# kreg jig or biscuit jointer



## ponch37300

I would like to get one of the two to fasten face frames of cabinets and other joints. I've never used a biscuit jointer. I have used a kreg jig before. There is a used porter cable 557 biscuit jointer at a local pawn shop for 110 bucks that looks to be in good shape. The kreg jig is 99 for one kit and 139 for the deluxe kit. So price being pretty close to the same which one do you prefere, or are they used in two totally different situations? Guess I'm just trying to figure out which one I would use the most and be better for me. I'm sure that each tool has it's purpose in woodworking but I can't afford both of them right now so would like to get one. Thanks


----------



## firefighteremt153

If I had to choose between the two, I would get the Kreg master system. I think it will serve you better than the biscuit joiner. I have both and I can't remember the last time I even open up the case to my biscuit joiner but I use the Kreg jig quit often.


----------



## KevinK

I have and use both, but for your purposes the kreg jig would be more appropriate. Besides there is always time to buy the biscuit jointer when you more funds. I would either go with the PC or the Lamello, but another option is the domino by festool. Just thinking of your future options 

Good Luck

Kevin


----------



## mrk5318

I recently saw a kreg jig setup in lowes that only cost $39.99. I don't know if it will have all that you are looking for but it came with the bit and the guide piece. They also had the kreg clamp for I think $19.99.


----------



## firehawkmph

Mrk,
I have both also. I use the Kreg jig about 50 times for every time I use the biscuit joiner. Nothing wrong with the p/c, but the kreg is much more versatile and a lot quicker. Also, 110.00 for a used p/c sounds like too much. I didn't pay a whole lot more than that for a new one. 
Mike Hawkins


----------



## Leo G

Simple.

Kreg Jig.


----------



## ponch37300

Thanks for making it "simple" guys! Looks like I'll be getting a kreg jig. I looked at the pc biscuit joiner on the home depot site and it said they are 220 brand new so I thought 110 wasn't that bad but I'll just get the kreg instead. Thanks again for your help.


----------



## cabinetman

You really don't need either. I don't want to be the party pooper, but what ever happened to traditional joinery? Take the money and buy a good book on joinery, and learn woodworking. Isn't that what this is all about?


----------



## Leo G

Maybe he wants to make money too.


----------



## cabinetman

Leo G said:


> Maybe he wants to make money too.



I made money without them.


----------



## Leo G

I have made a lot more with the Kreg jig than with "nice" joinery. When I make things for myself or other family members I use joinery. When I am competing for a job I need to limit joinery to things that matter. Mostly, the Kreg jig is used on face frames. And I glue all my FF to the carcasses (that are dadoed and glued). Having M&T would be a waste of time. If someone specifically asked, and was willing to pay, then they would get it.


----------



## cabinetman

Leo G said:


> I have made a lot more with the Kreg jig than with "nice" joinery. When I make things for myself or other family members I use joinery. When I am competing for a job I need to limit joinery to things that matter. Mostly, the Kreg jig is used on face frames. And I glue all my FF to the carcasses (that are dadoed and glued). Having M&T would be a waste of time. If someone specifically asked, and was willing to pay, then they would get it.

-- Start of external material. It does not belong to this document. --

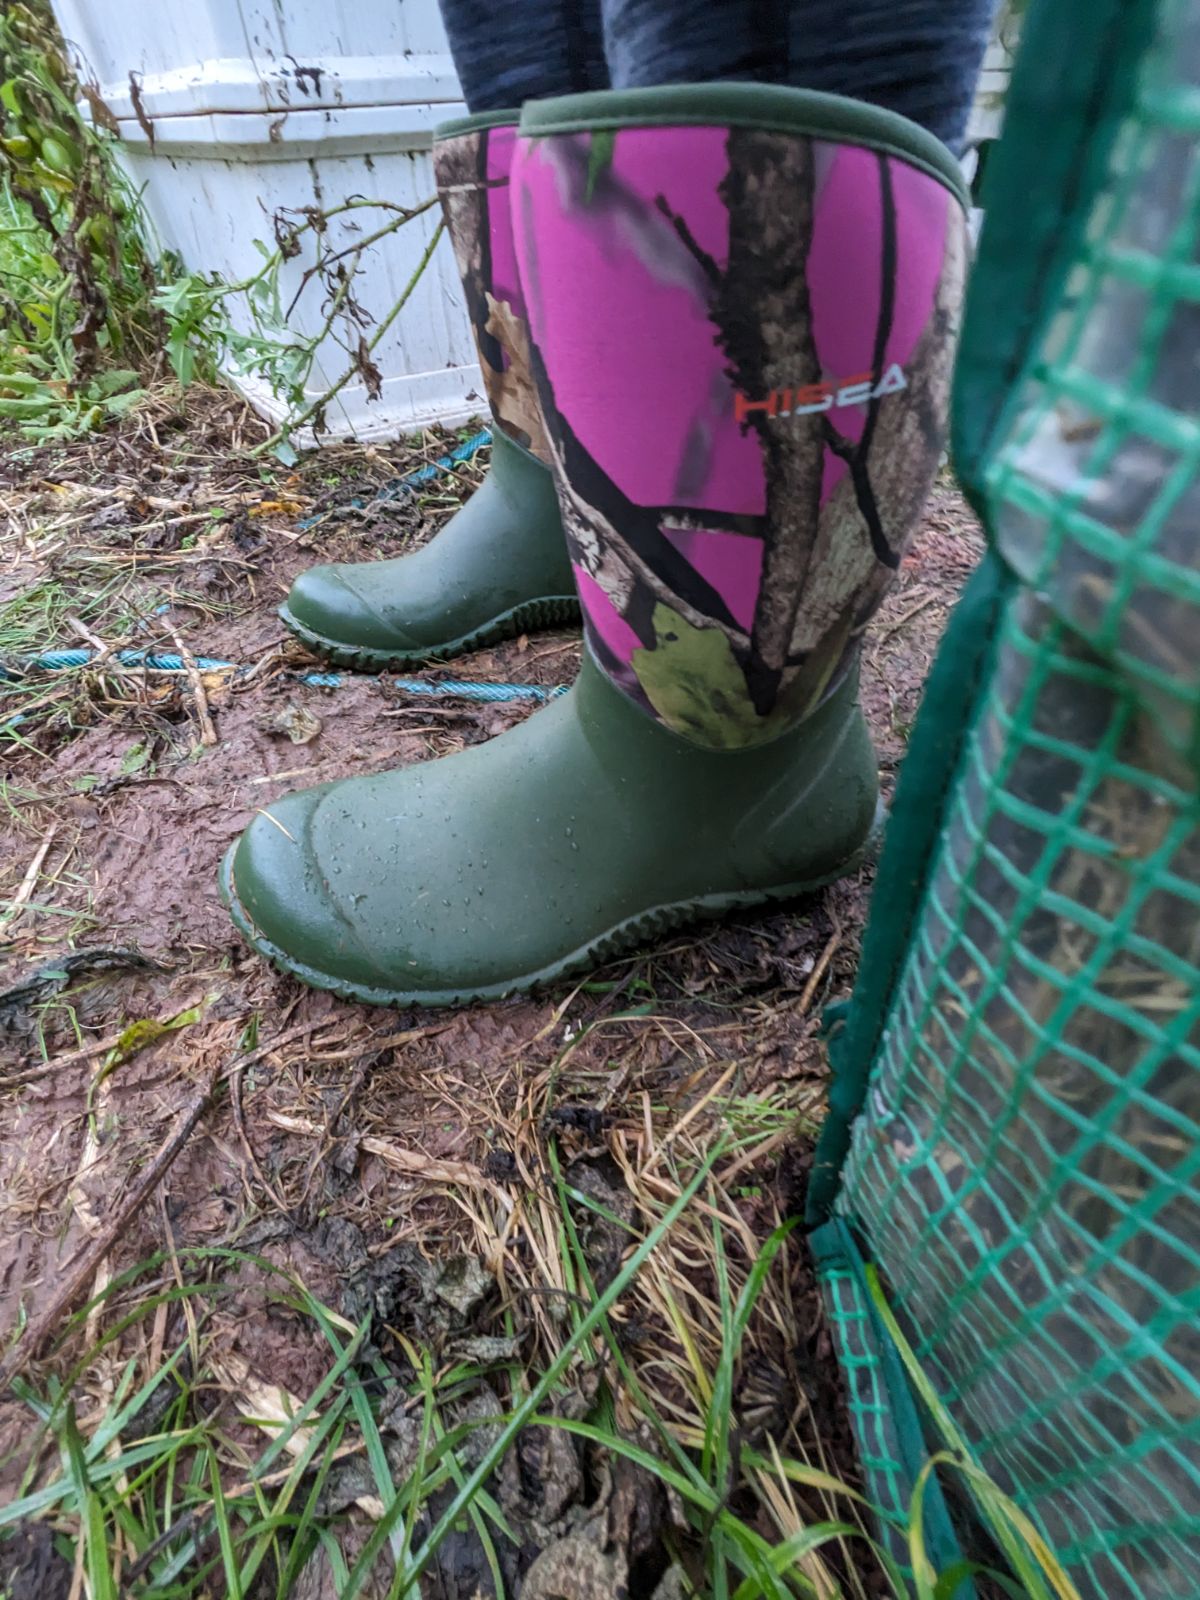 Garden boots in a mud mess with tomato vines in raised beds

Face frame joints don't have to be earthquake proof. Using PH's or biscuits may hold the joint until you glue to the carcass, but once on where are they going to go? 

We all have different types of clients, and if I delivered a cabinet with pocket holes, I'm sure the client would expect to see an IKEA sticker somewhere. Definitely not custom. Go to frameless construction and do without the hassle of the FF.












 





 






​


----------



## Leo G

I hate frameless. I think it is a cheap copout of a cabinet. Designed to be quick, cheap and material efficient.


----------



## cabinetman

Leo G said:


> I hate frameless. I think it is a cheap copout of a cabinet. Designed to be quick, cheap and material efficient.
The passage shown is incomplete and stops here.